There are, currently, patients with anaphylactic cardiac shock who do not respond to intravenous fluid administration and antiallergic therapy, but required coronary event treatment protocol. The following reports have been published this year. In a patient with Hymenoptera sting-induced Kounis syndrome complicated with anaphylactic shock,[46] urgent coronary angiography revealed acute coronary thrombosis and the patient recovered with intra-aortic balloon pump assistance and myocardial infarction treatment. In another patient,[47] who was stung by multiple wasps and developed type I variant of Kounis syndrome with anaphylactic shock and myocardial ischemia, treatment with 2 l of normal saline, adrenaline, hydrocortisone, and antihistamines did not have any immediate effect and the patient recovered in a later stage with vasopressors and myocardial infarction protocol treatment. In an atopic female nurse[48] with previous atopic eczema, asthma, and allergy to milk protein; who suffered an anaphylactic reaction, hemodynamic status was unresponsive to intravenous administration of fluids such as Ringer's acetate and antiallergic treatment with adrenaline and corticosteroids. Her condition was complicated with pulmonary congestion with reduced ejection fraction. The patient recovered with myocardial infarction protocol treatment. It was commented that hemodynamic disturbance was most probably due to myocardial stunning leading to reduced cardiac output rather than due to fluid extravasation. In a patient with per-operative anaphylactic shock due to gelofusin infusion[24] treatment with metaraminol and epinephrine worsened the hypotension and the cardiac output was lost. The patient recovered gradually with intravenous antihistamines, steroids, and inotropic support.
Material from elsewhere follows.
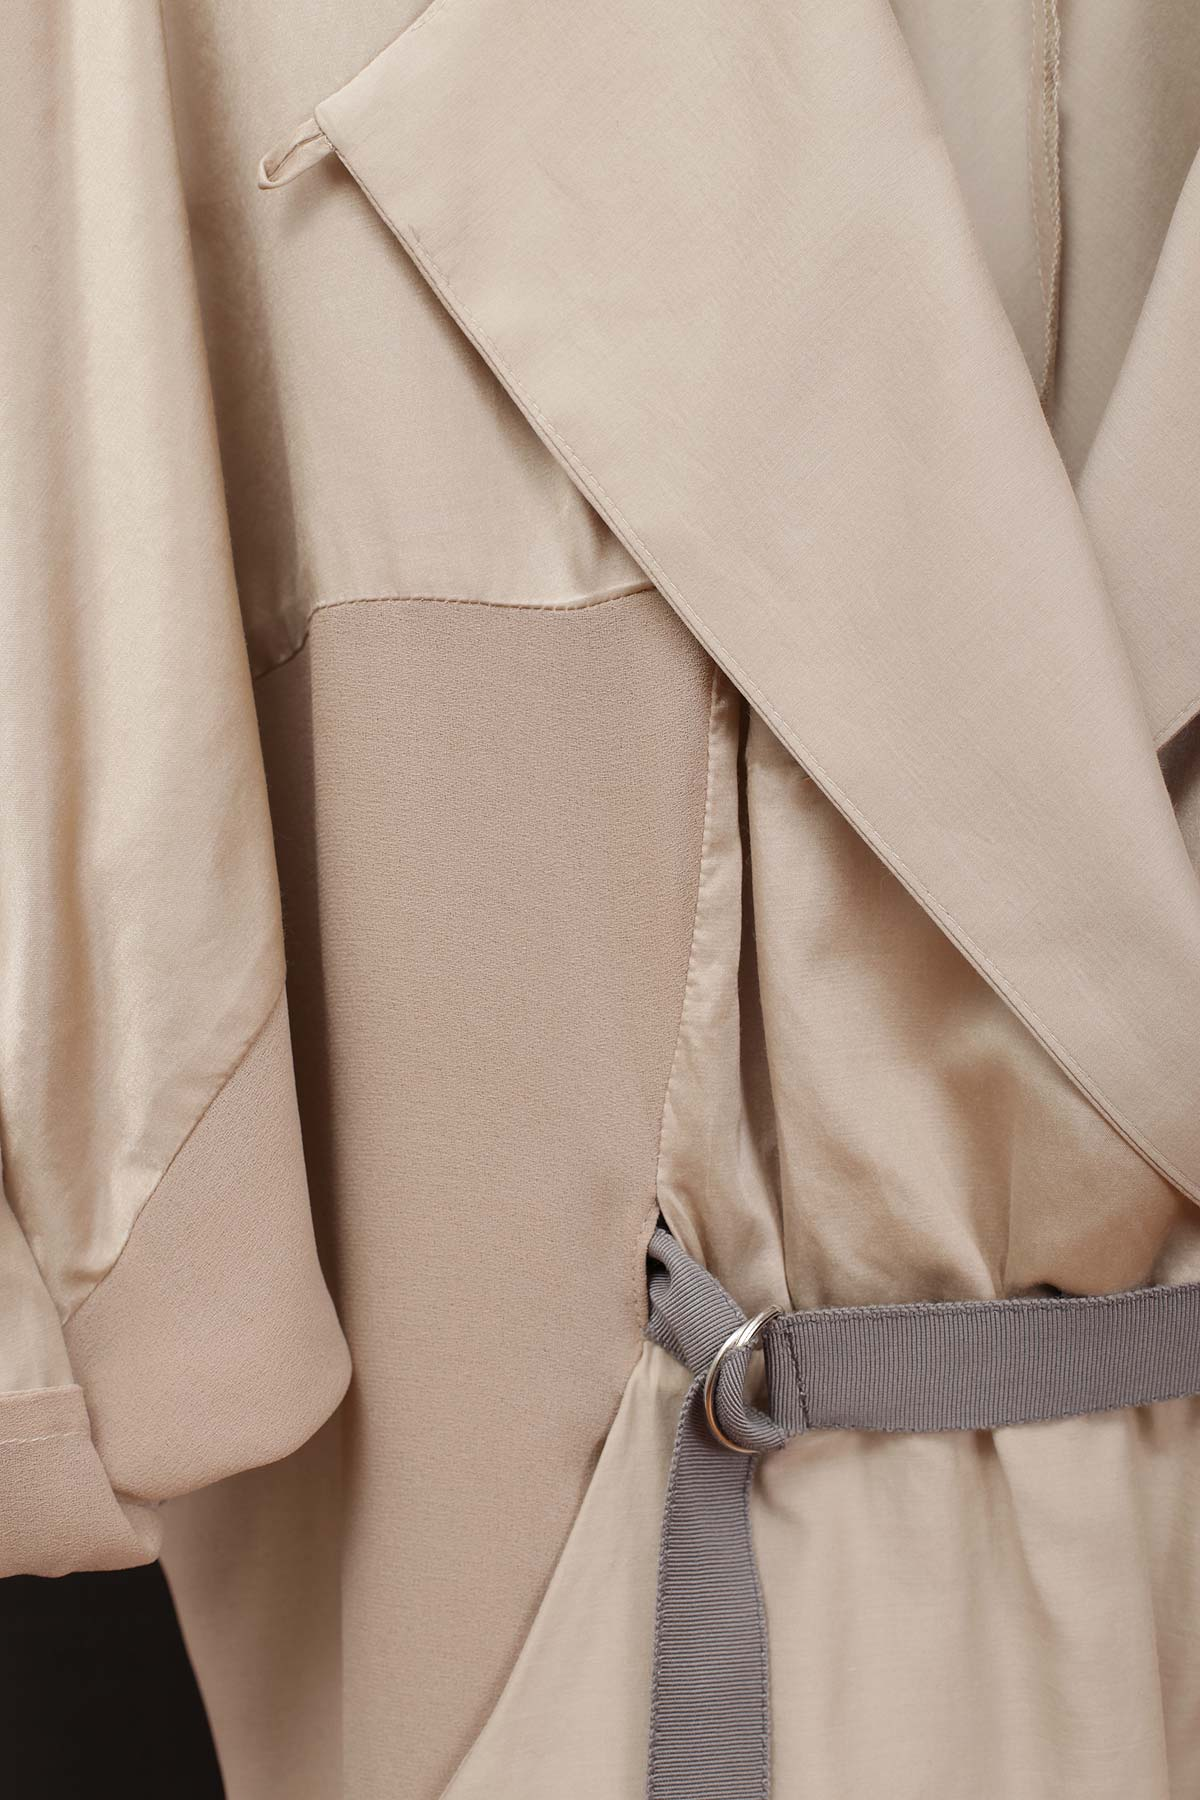 Paula Immich Kimonokleid aus Seide-Baumwolle mit Ripps-Gürtel

Finally, in a patient with stent thrombosis following snake bite,[49] which today is regarded as anaphylactic consequence, the patient was not responding to inotropes and fluid expansion but he recovered with thrombolysis and other acute myocardial infarction protocol treatment.

Conclusion

Although the mechanisms of anaphylactic shock still remain to be elucidated, bronchial and myocardial involvement with early severe bronchoconstriction and vasospasm-induced coronary blood flow reduction manifesting as Kounis syndrome respectively should be always considered. Combined bronchoconstriction with interstitial edema and tissue suppression from arterial involvement and peripheral vasodilatation, perhaps, occur simultaneously. Therefore, in any case of anaphylactic shock combined treatment targeting the primary cause of anaphylaxis together with protection of lung and cardiac tissue seems to be of paramount importance. More studies and more experience are needed to determine the importance of mediators of anaphylaxis in myocardial pathobiology.